- Battle of Sasireti: Part of Georgian civil war
| Date | 1042 |
| Location | Sasireti, Kingdom of Georgia |
| Result | Rebel victory |

Belligerents
- Kingdom of Georgia Varangians: Duchy of Kldekari Byzantine auxiliaries

Commanders and leaders
- Bagrat IV Ingvar: Liparit IV

Strength
- Unknown number of Georgian warriors, 2,000 Vikings: Unknown

Casualties and losses
- Unknown, many Vikings killed, many more captured, including Ingvar: Unknown

= Battle of Sasireti =

Battle in Georgia in 1042

The Battle of Sasireti (სასირეთის ბრძოლა) took place in 1042 at the village of Sasireti in the present day Shida Kartli region, not far from the town of Kaspi, during the civil war in the Kingdom of Georgia. It resulted in a decisive defeat of the army of King Bagrat IV by the rebel feudal lord Liparit IV of Kldekari.

== Background ==
A feud between Bagrat IV and his former general, Liparit Baghvashi, a powerful duke of Kldekari, erupted during their campaign against the Georgian city of Tbilisi (1037–1040), which at the time was ruled by Arab emirs. The king, advised by Liparit's opponents, made peace with Emir Ali ibn-Jafar, a sworn enemy of the duke, in 1040. In retaliation, Liparit revolted and endeavoured to put Demetrius, Bagrat's half-brother, on the Georgian throne. However, he had no success and ended hostilities with Bagrat, receiving the title of Grand Duke of Kartli, but giving up his son, Ioane, as a hostage of the king. Soon Liparit rose again in rebellion, requesting Byzantine aid. Supported by a Byzantine force and an army of Kakheti (a kingdom in eastern Georgia), he released his son and again invited the pretender prince Demetrius to be crowned king. Demetrius later died at the very beginning of the war, but Liparit continued to fight the king's forces.

== Battle ==
The royal army commanded by King Bagrat was joined by a Varangian detachment of 1000 men, probably a subdivision of the 3000 men strong expedition of the Swedish Viking Ingvar the Far-Travelled. According to an old Georgian chronicle, they had landed at Bashi, a place by the mouth of the Rioni river, in Western Georgia.
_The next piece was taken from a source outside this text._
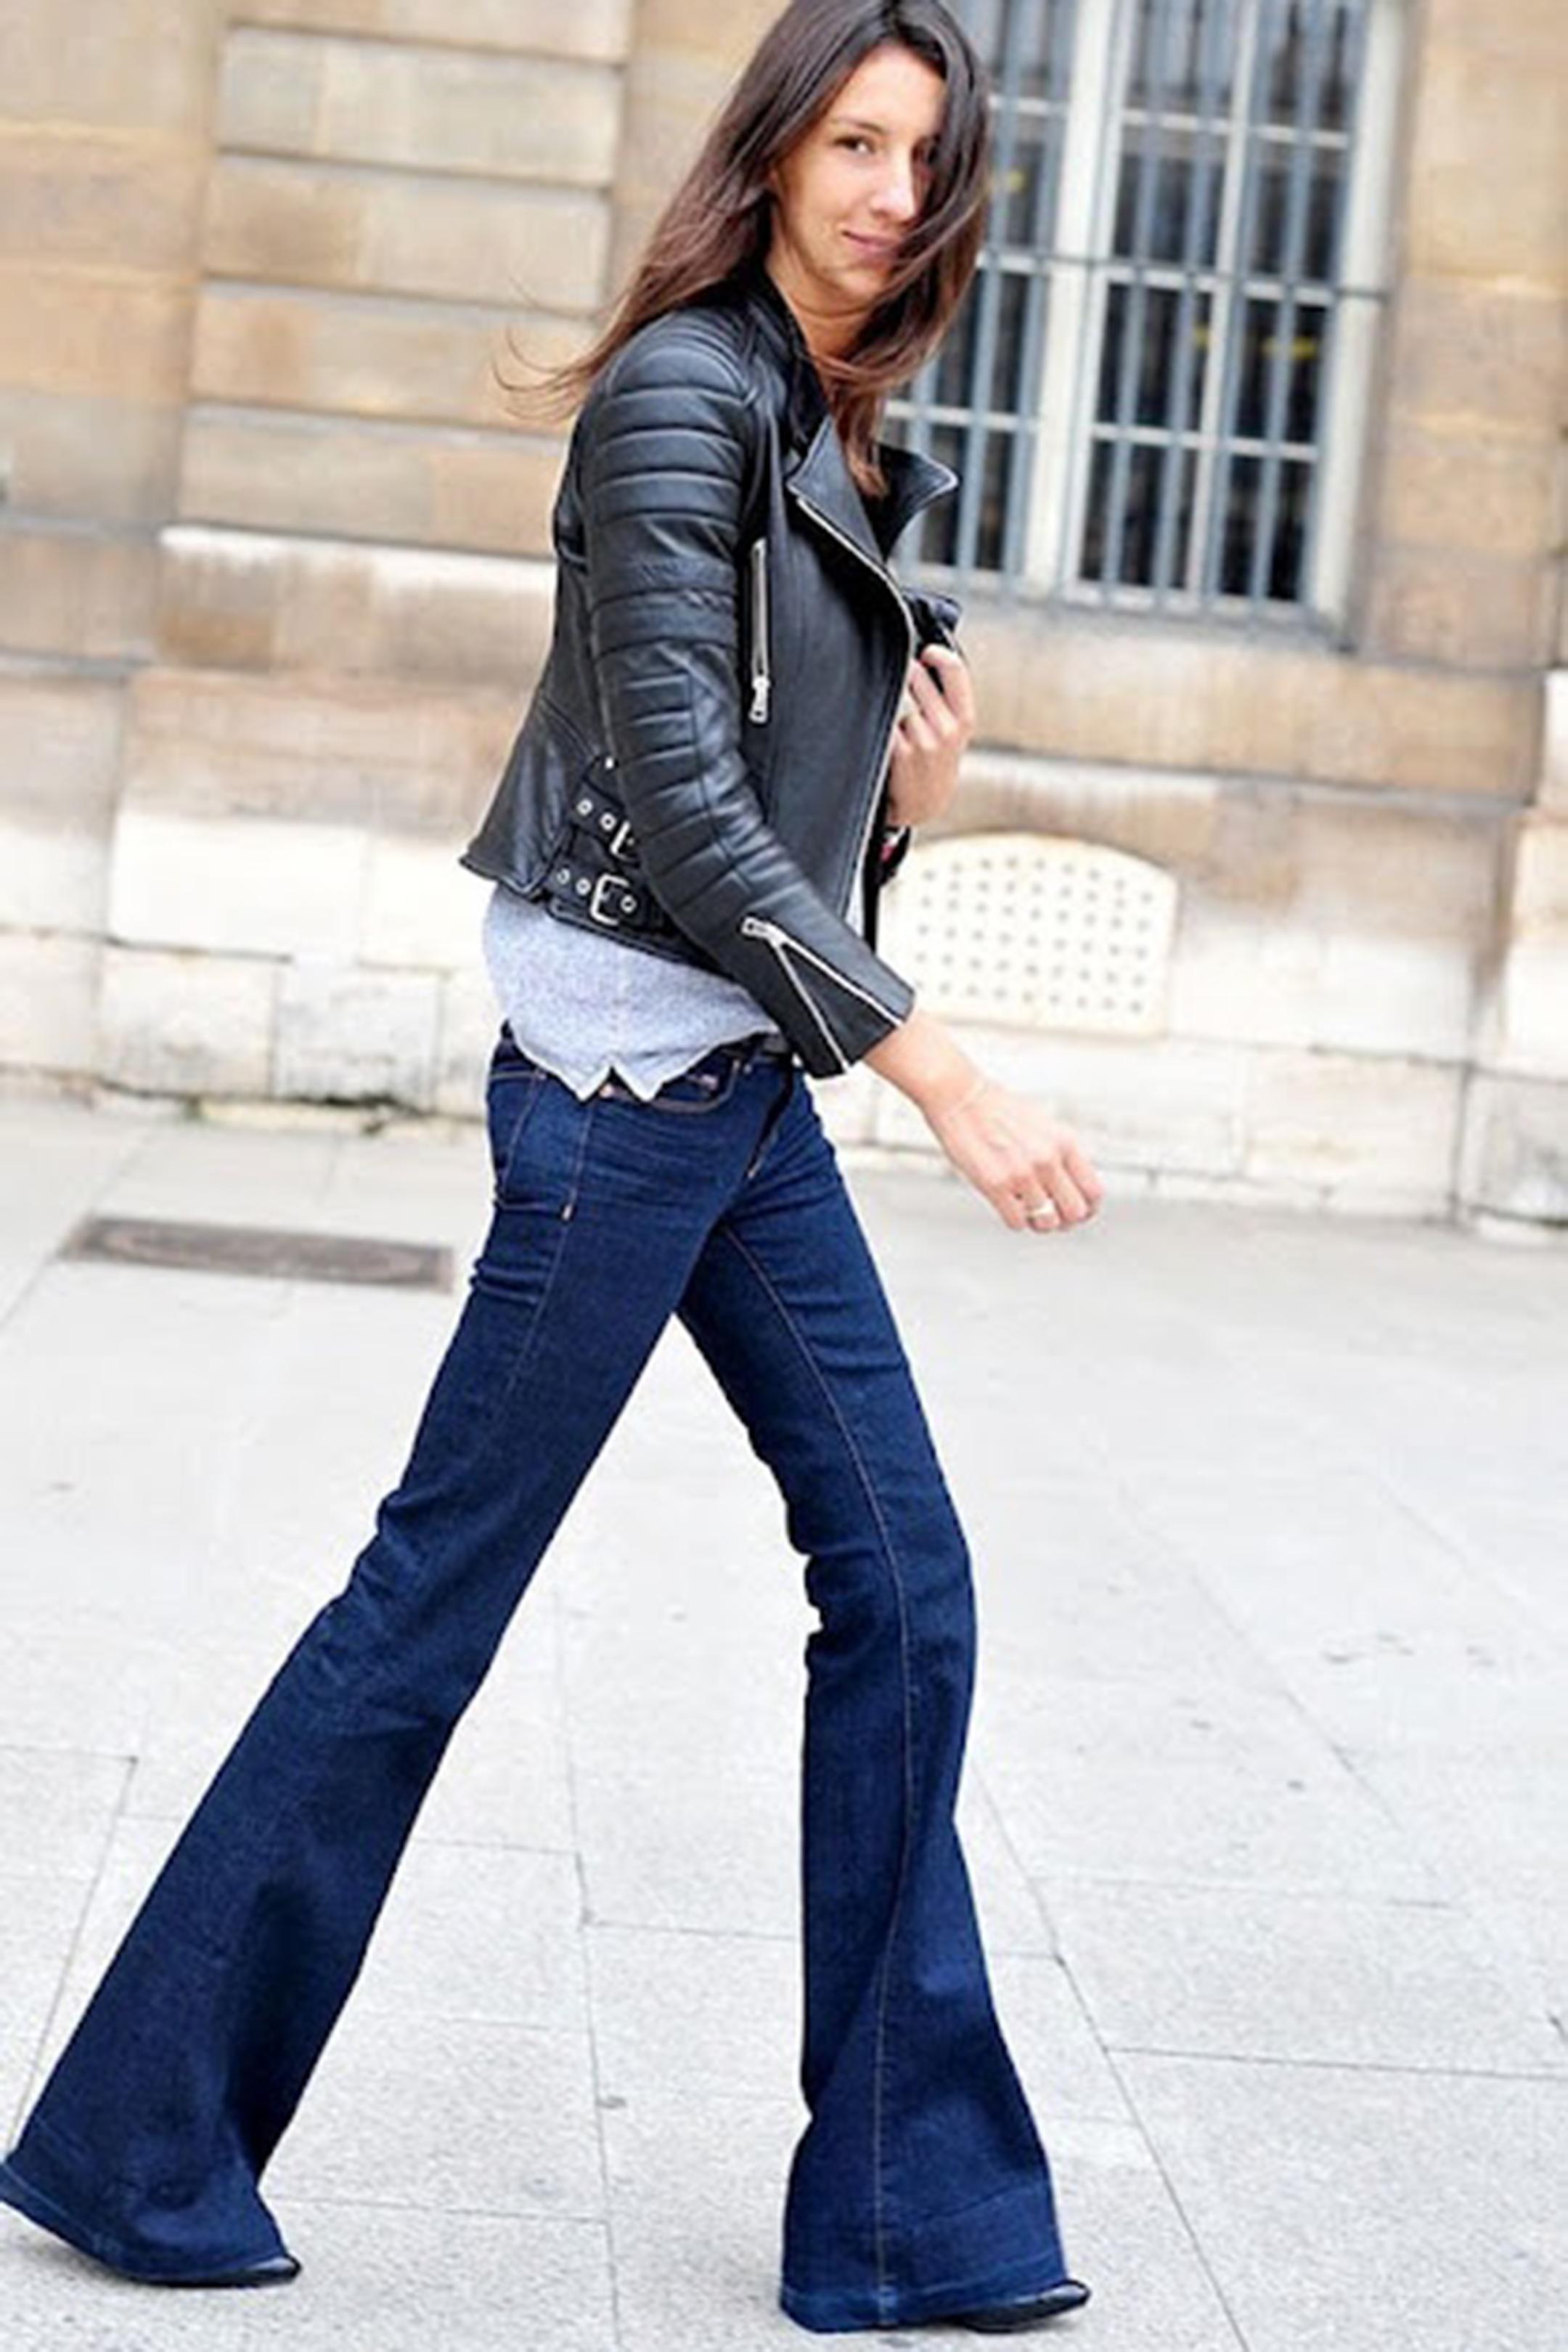 pantaloni-zampa-styleshouts-jeans-denim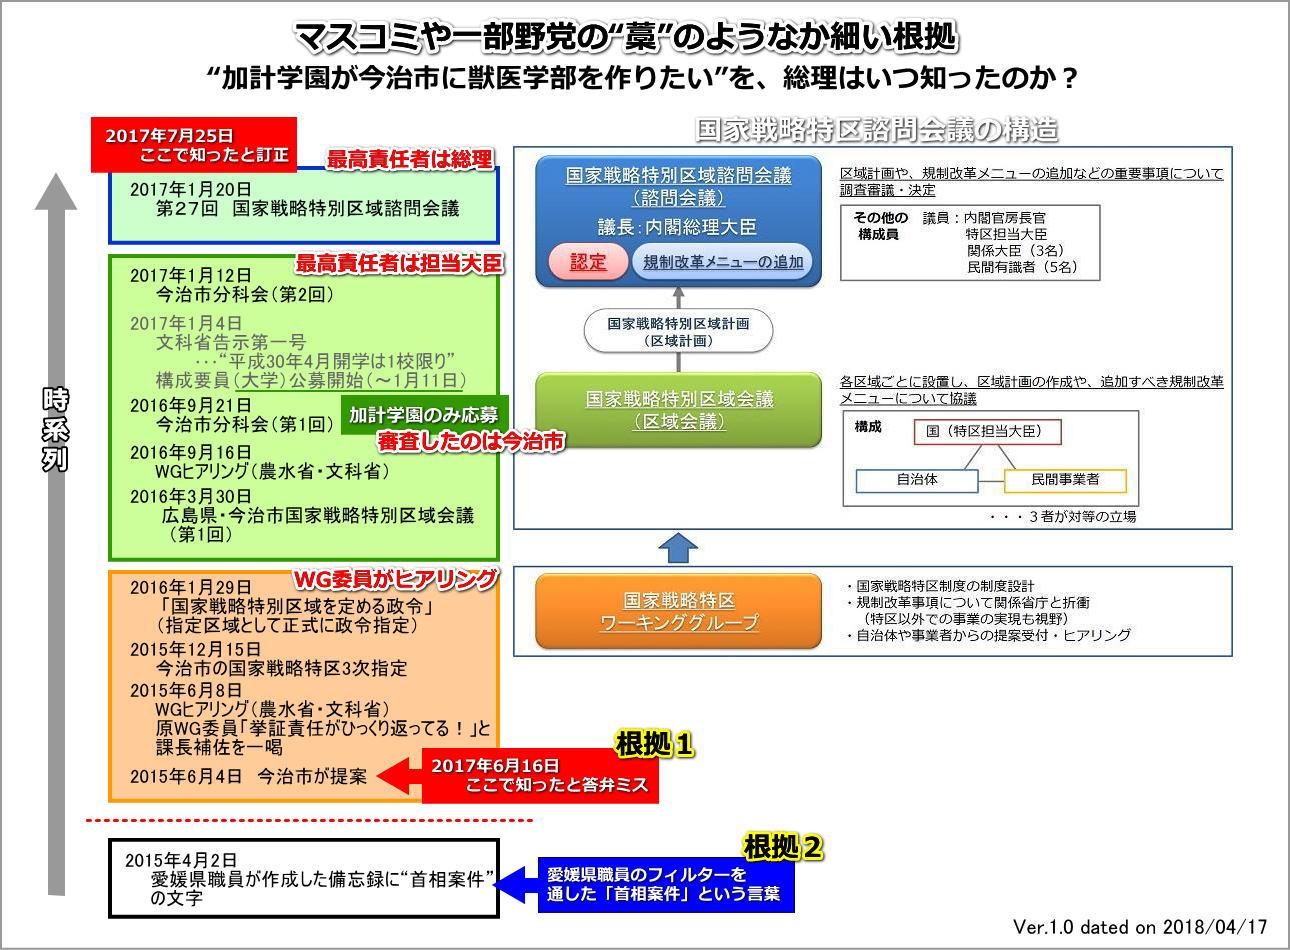 kake_tokku_image.jpg

The two armies fought a decisive battle near the village of Sasireti, eastern Georgia, in the spring of 1042. Ingvar and the Varangians charged the rebel force before King Bagrat could consolidate his army, forcing him to join the assault without any strategy. In fierce fighting, the royal army was defeated and retreated westwards. Ingvar and many of his men were captured but later released by Liparit. Every captured royalist on the other hand were tortured and maimed. However many of the vikings including Ingvar did not survive marching beyond Kutaisi as they succumbed to disease. The rebel leader proceeded to seize the key fortress of Ardanuç, thereby becoming the virtual ruler of the southern and eastern provinces of Georgia. Defeated in the battle, it was not until 1059 that Bagrat IV was able to restore his authority in the kingdom, forcing the renegade Duke Liparit into exile in Constantinople.